I hate this aspect of Esperanto myself; not because it is more sexist than other languages, but simply because it is about as sexist as them, and it could have been done differently. In the creator’s defence, though, it was created in 1887, when feminism was not widely talked about or accepted.

The problem with Esperanto is that the masculine gender is assumed, whereas the feminine gender is something that is added onto a word. “Frato” means brother, but “fratino” means sister. To say “brothers and sisters” you can use the awkward construct “gefratoj”; however, much of the time people just use the masculine as a gender-neutral as it’s easier, and it’s intuitive to think that a word without a suffix is neutral. In this way, men are shown to be the “normal” sort of person, and women are shown to be secondary and additional to men.

There is a movement to correct this issue. In Riisma Esperanto, “frato” would mean “brother or sister”, “fratino” would mean sister, and “fratiĉo” would mean brother. I find this system much more intuitive as well as being less humiliating to use as a woman. It still leaves us with the problem that pretty much every word that is usually gendered comes from a root word that is masculine: “Viro” meaning “man”, “Onklo” meaning uncle, and so on. For some reason I shudder when I have to say the word for aunt – “onklino” – it just seems so ugly.

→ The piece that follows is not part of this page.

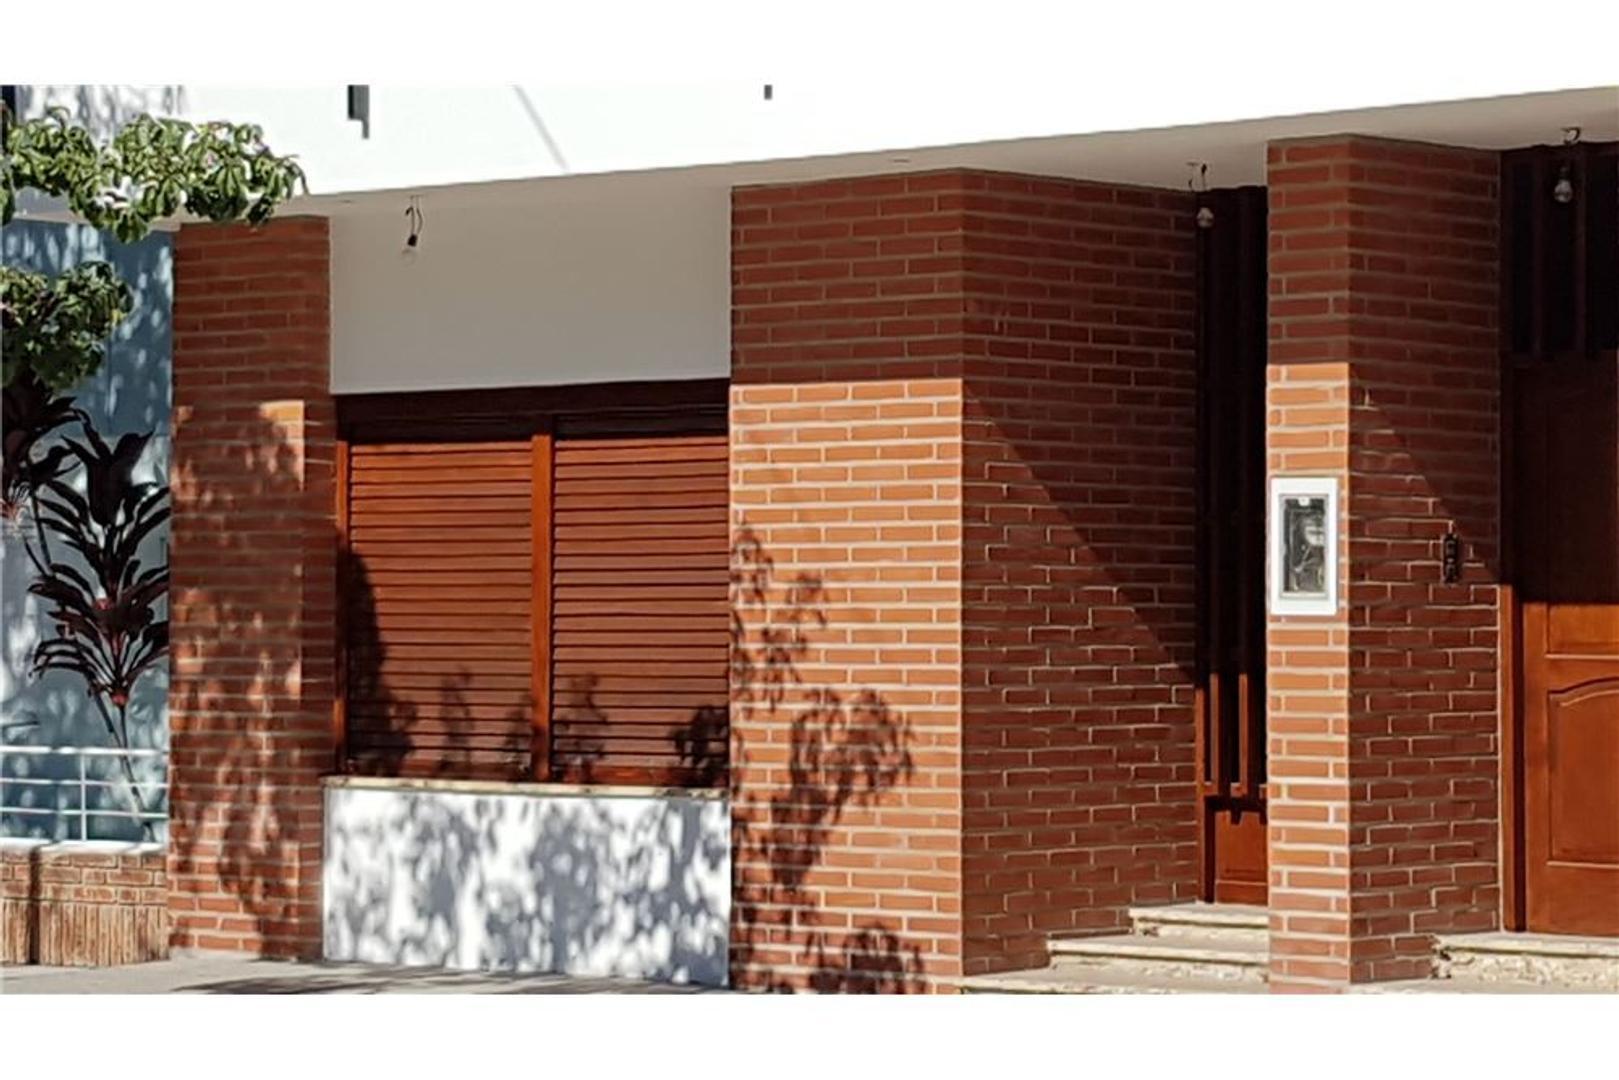 SE ALQUILA LOCAL CÉNTRICO  EN RECONQUISTA
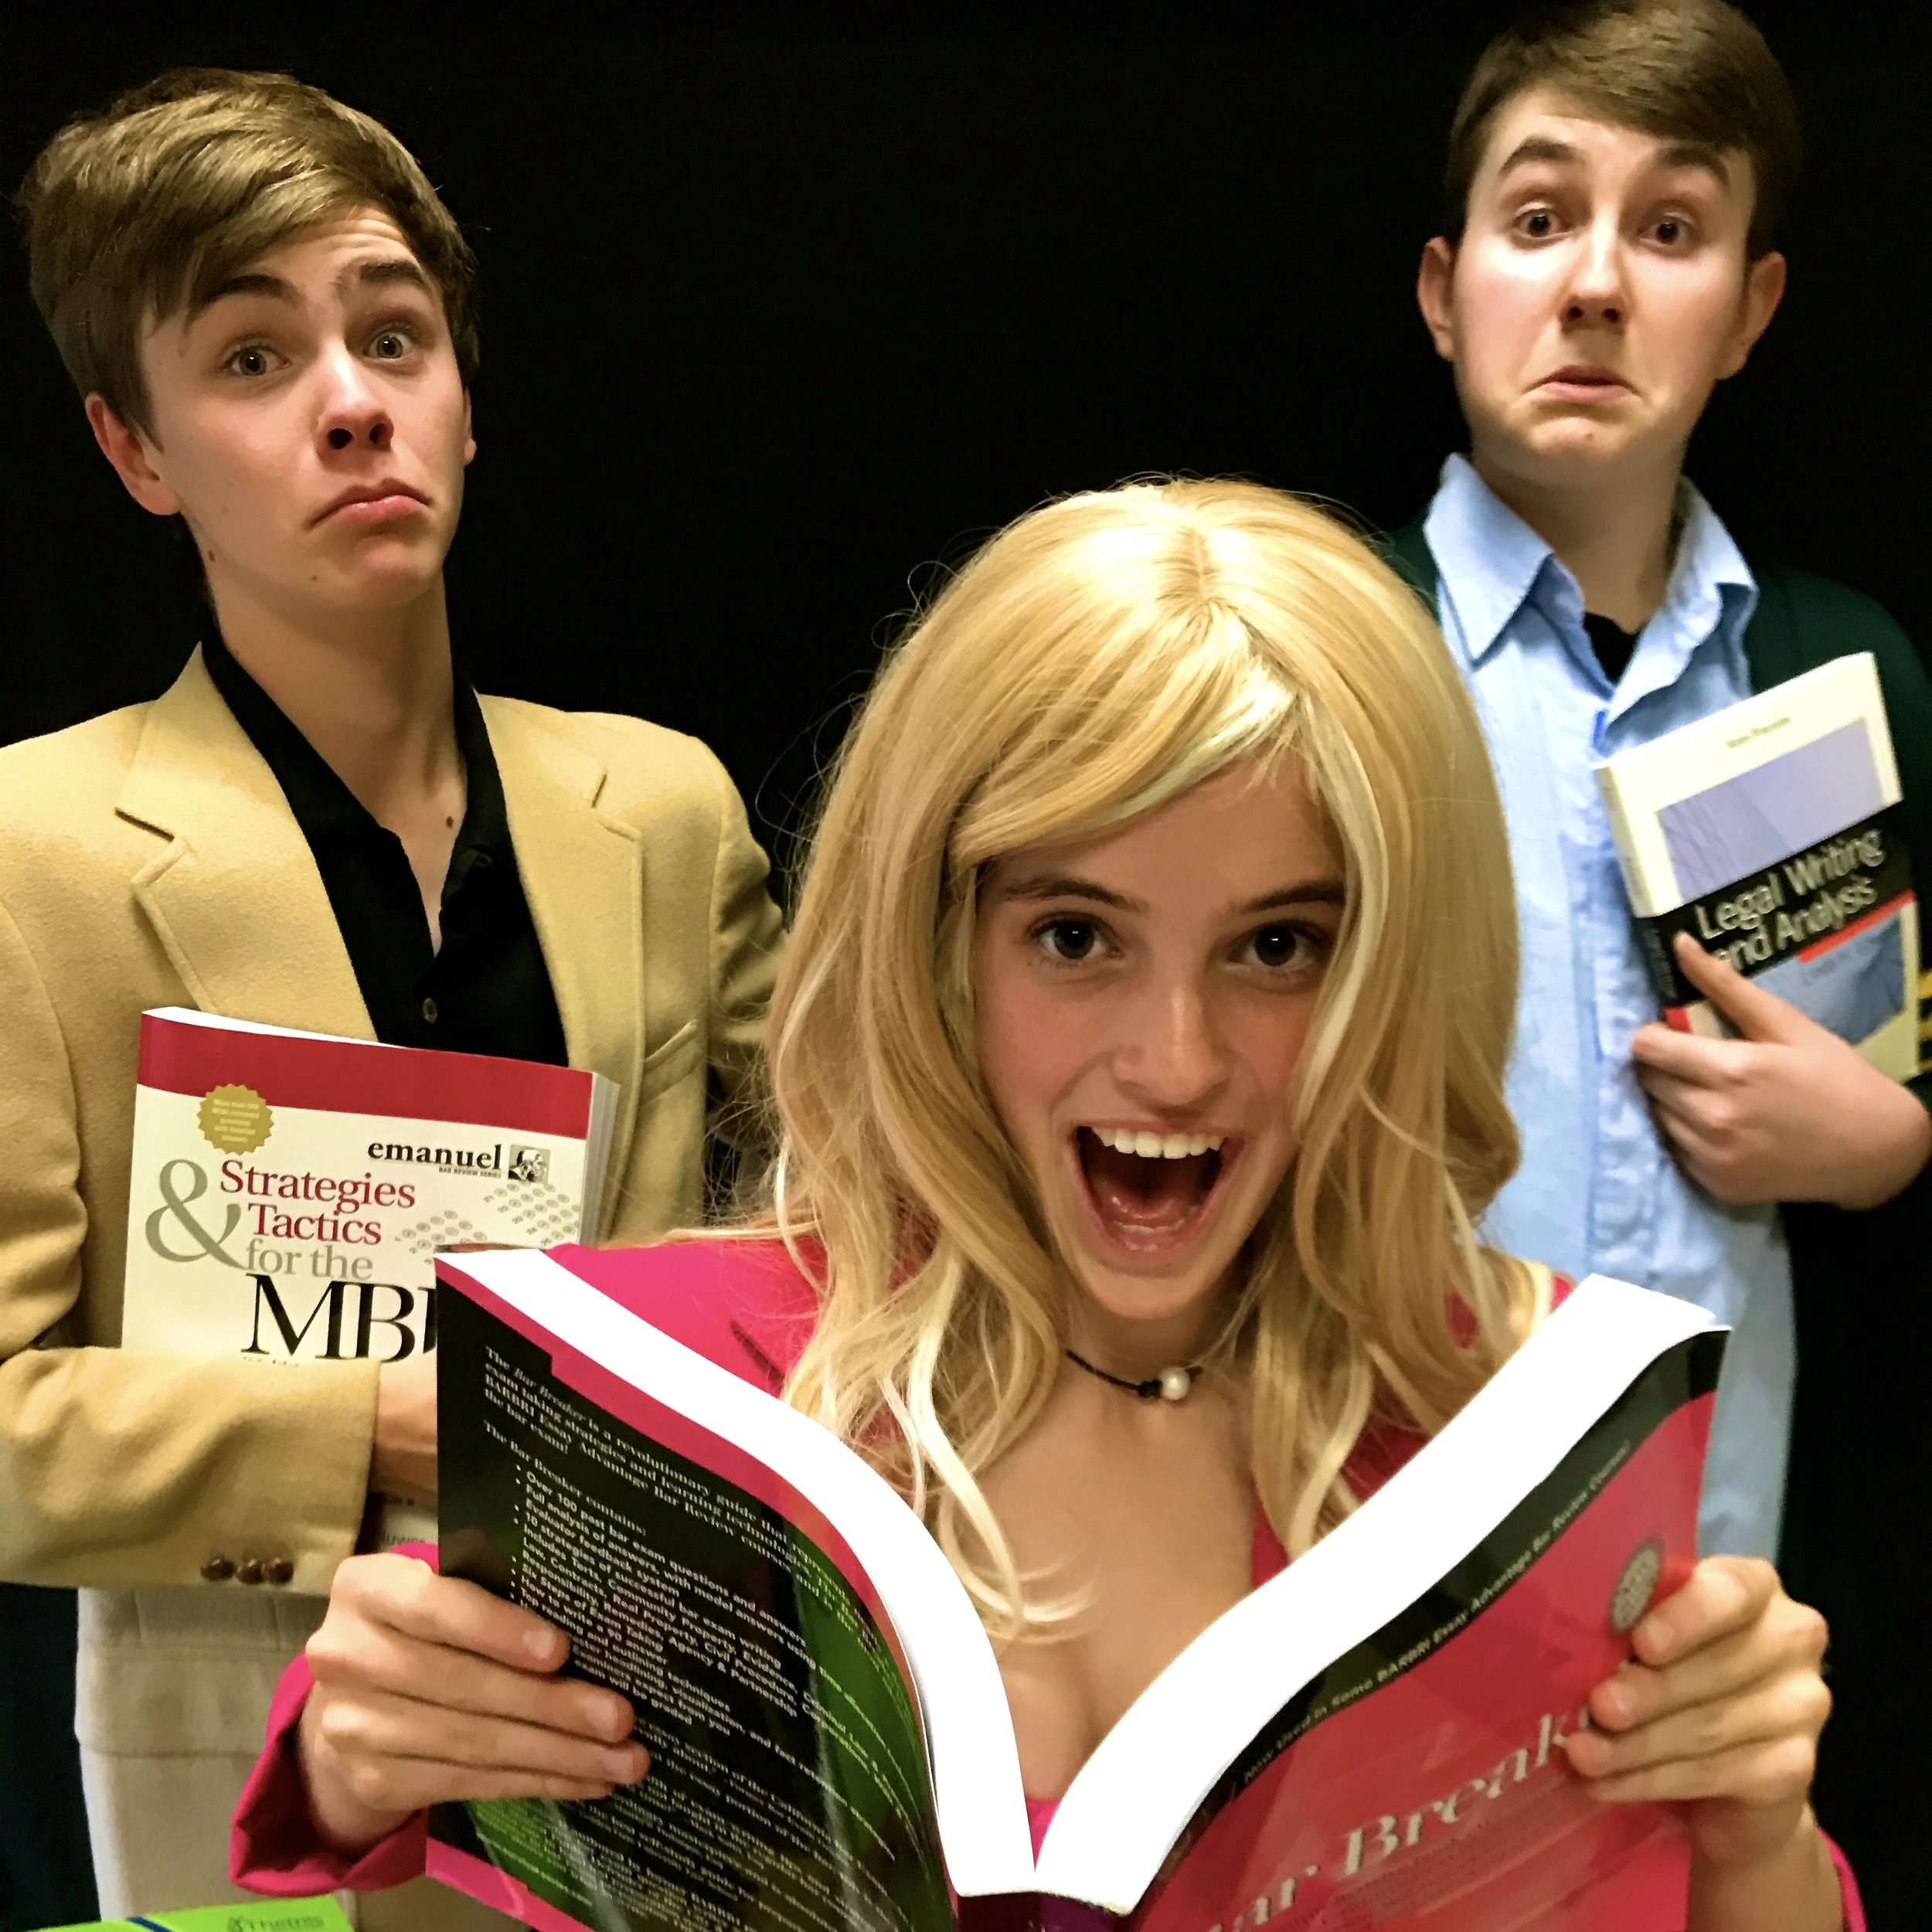 L to R: Morgan Hunt as Emmett, Jordan Paff as Elle Woods, Matthew Peterson as Warner

But, one step at a time, I suppose. For now I’m happy that the feminist version of Esperanto is fairly easy to use and pretty widely understood; certainly far more widely than the feminist version of any other language I can think of. Its one problem is that people who don’t know about it often misunderstand you. I call my partner my “koramiko”, for instance, which I consider gender-neutral, but which some would interpret as male. This once induced a person into a gender-panic: “Tabea is a woman, right? Right??“. But, it works, and I’m happy it exists. I believe that if any language has a chance to change and express gender equality, it’s Esperanto.

Conclusion

So, overall, despite its problems, I believe Esperanto can help us bring a greater degree of justice to the world. I think focusing on its problems is a way of dismissing it out of hand, perhaps out of a sense of guilt that you don’t want to spend energy on learning it. Instead, I encourage you to consider all that Esperanto could do for the world, and join its cause. It could change so much.

Thanks for reading.


Related

Why I’m Learning Esperanto

Practical Uses I’ve Found For Esperanto

How Proteining Is Used To Dominate Conversations

Minor Edits To The English Language

Leave a Reply

6 Comments

  1. Alex Escomu says:

    Mi ŝategis vian blogaĵon! Nur pri masklismo mi malkonsentas.
    Unue ĉar estus malfacile ŝanĝi tion nun kiam jam ni havas tiom da literaturo… Ni simple pli bone uzu la lingvon… vortoj kiuj finiĝas per ulo, anto, isto, ktp estas ĉiam neŭtraj, sed kelkaj misuzas in-on kaj insistas kiam ne gravas pri ineco: Virino kiu diras: mi estas belulino (nu, mi ja scias ke vi estas ino, mi vidas vin kaj ni delonge parolas).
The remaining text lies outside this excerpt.